Partant de cette hypothèse que l'intelligence, ou que la conscience d'être existe partout à travers l'univers, Simak nous propose de s'interroger sur son sens. Car manifestement, il nous faut suivre la bonne route. Le débat est donc moral, et la question demeure : quelle est "la bonne route" selon Simak ?

—  (…) Que de choses avons-nous encore à apprendre ! Ils sont tellement plus savants que nous… Leurs notions en matière de religion, par exemple…
— Je ne sais pas s'il s'agit vraiment d'une religion. Cela n'a pas l'appareil généralement associé à la religion. Et ce n'est pas fondé sur la foi. La foi n'est pas une nécessité. La base de leurs croyances, c'est la connaissance.

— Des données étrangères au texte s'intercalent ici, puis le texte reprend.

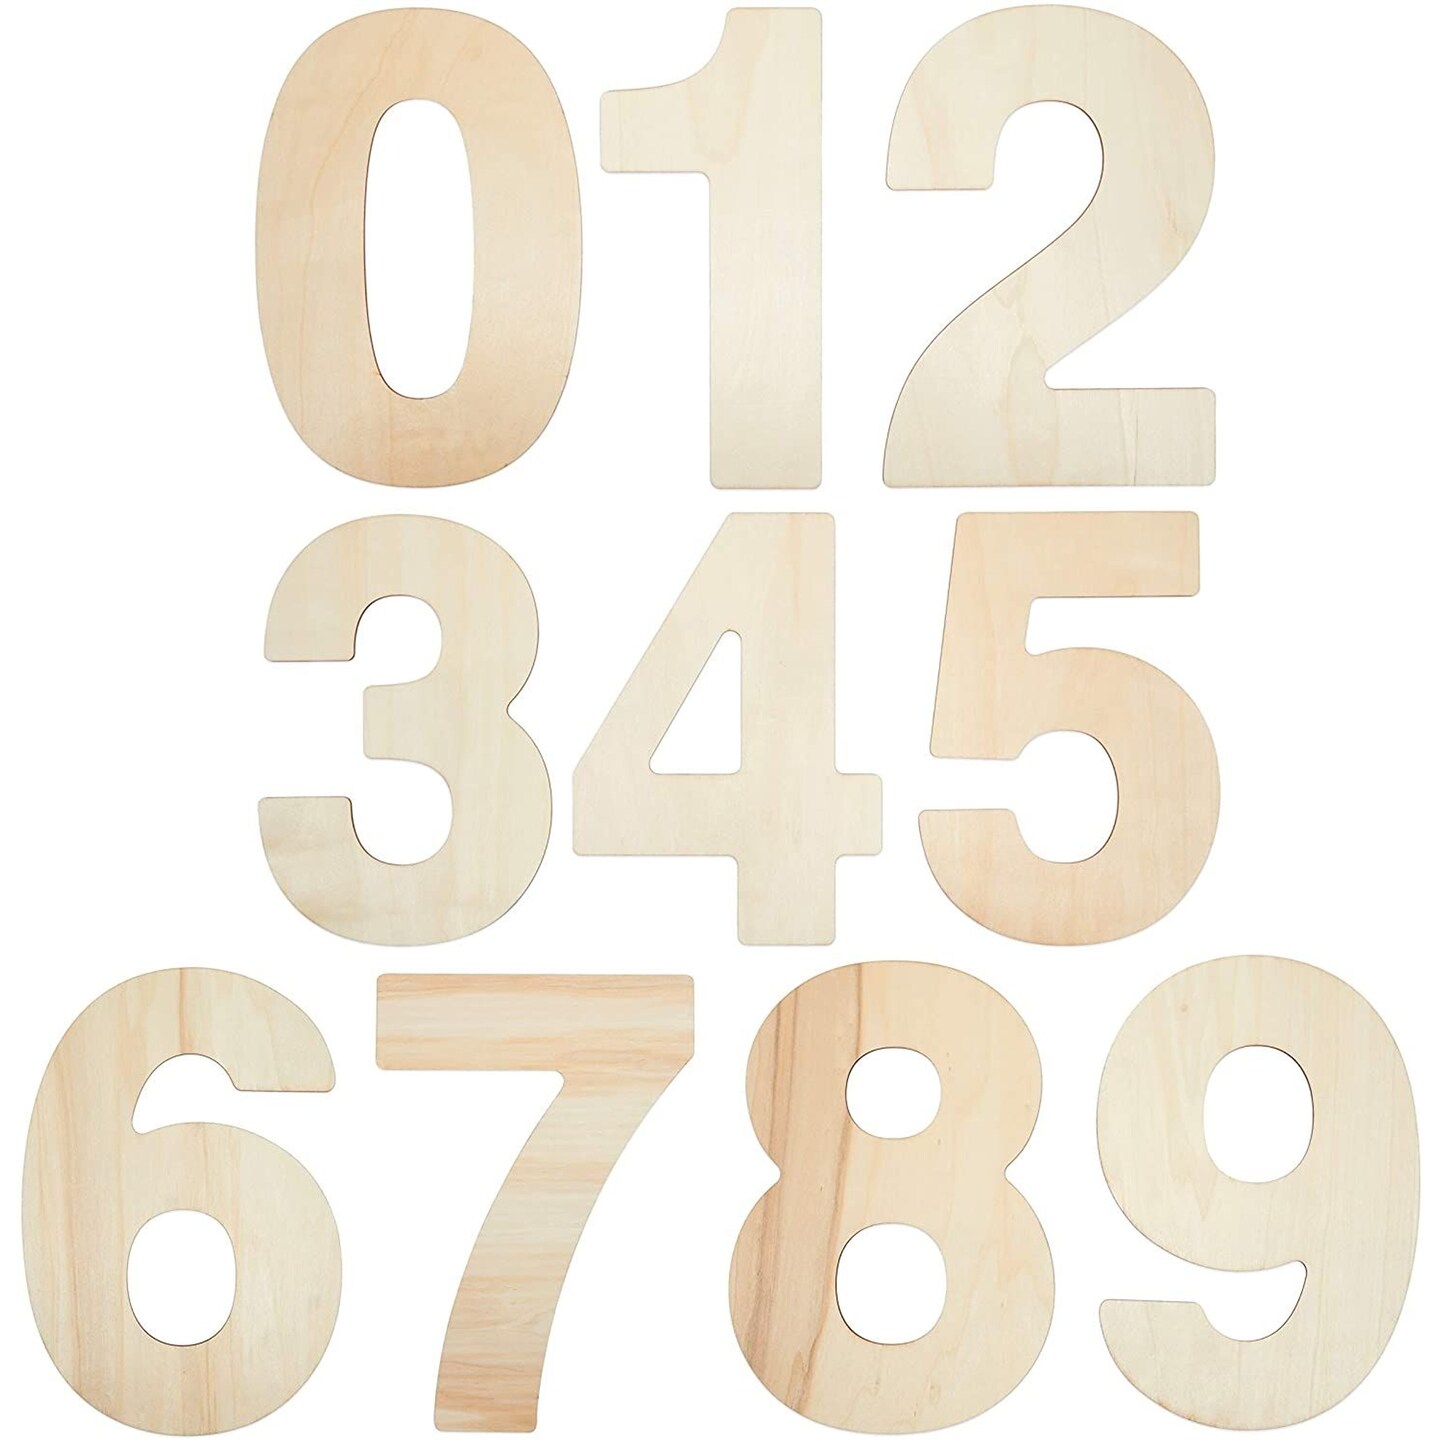 Creativity Street® Letters and Numbers, Natural Wood, 1.5, 200 Pieces
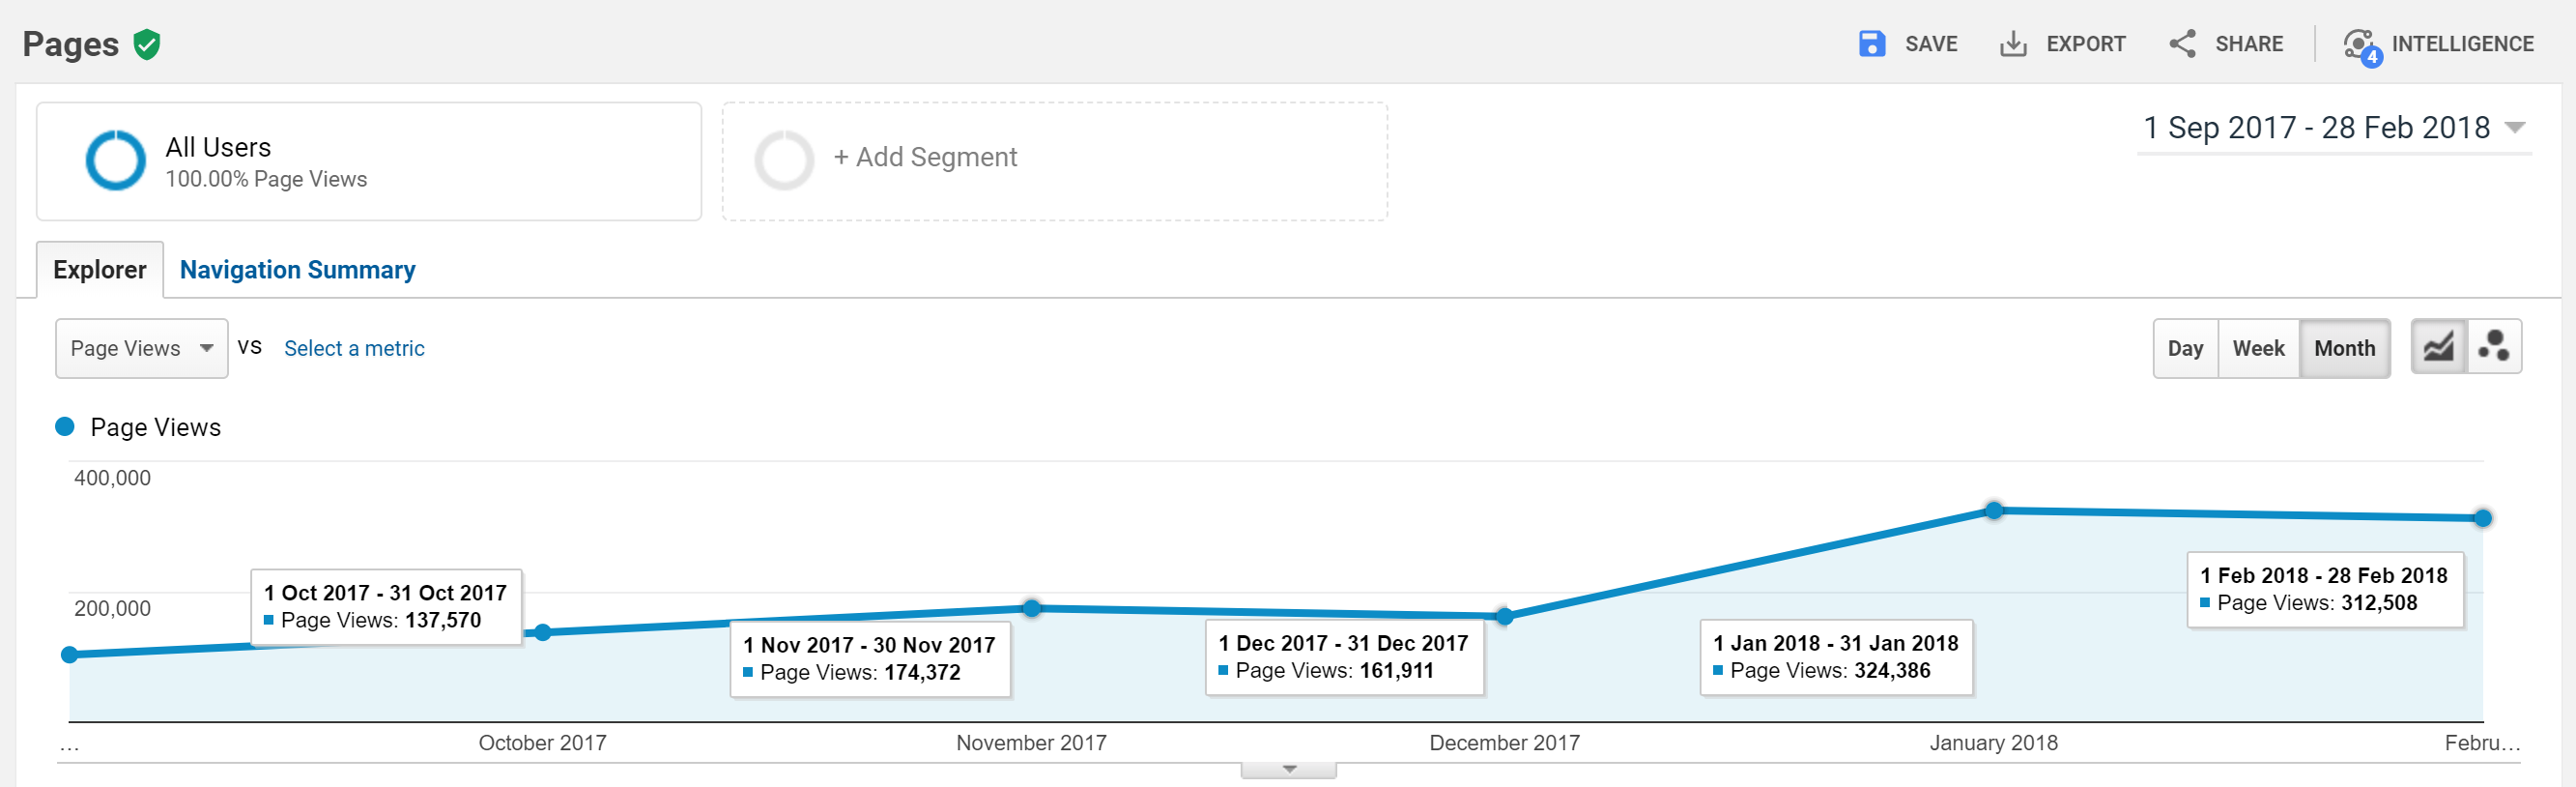 How We Doubled Our Blog Views to 300,000/Month in One Month

Ce sont des gens qui savent, voyez-vous.
— C'est à la force spirituelle que vous pensez ?
Enoch répondit :
— Elle existe au même titre que toutes les autres forces qui constituent l'univers. Oui, il y a une force spirituelle exactement comme il y a des choses que l'on appelle le temps, l'espace ou la gravitation pour ne parler que de ces seuls éléments immatériels. Elle existe et ils peuvent entrer en contact avec elle…
Cette idée d'une forme de conscience qui traverse le vivant, la "force spirituelle", sera reprise 13 ans plus tars dans le film "Star Wars". Chez Simak aussi, la "force" donne à ceux qui y sont les plus sensibles un pouvoir sur la matière, la vie, l'espace… Et si, comme dans "Star Wars", il y a un ordre quelque peu monastique qui veille sur les avatars de cette force, l'idée n'y est ici qu'évoquée de loin, comme un bruit de fond à l'ensemble de l'histoire.
Il y a déjà bien assez à faire, Simak le comprend bien, avec la posture de l'humain qui découvre, seul, l'immensité de la civilisation galactique, et le déploiement de la conscience par delà notre petite planète de banlieue. Car les chocs sont multiples, et parfois inattendus. 
Si votre forme physique vous interdit de coloniser une planète, vous n'avez qu'à changer de forme ! À vous métamorphoser en un être capable de vivre sur la planète en question ; il ne vous reste plus alors qu'à en prendre possession. S'il vous faut, pour cela, être un ver blanc, eh bien, vous devenez un ver blanc. Ou un coléoptère. Ou un crustacé. Ou n'importe quoi d'autre. Et ce n'est pas seulement votre enveloppe corporelle qui se transforme : votre esprit subit le même avatar, il devient le type d'esprit qu'il faut que vous puissiez vivre dans ce milieu étranger.
Bien que Simak poursuive ici en termes simples le principe de pantropie théorisé par James Blish en 1957, rappelons qu'il avait déjà évoqué cette idée dans "Demain les chiens" (1952).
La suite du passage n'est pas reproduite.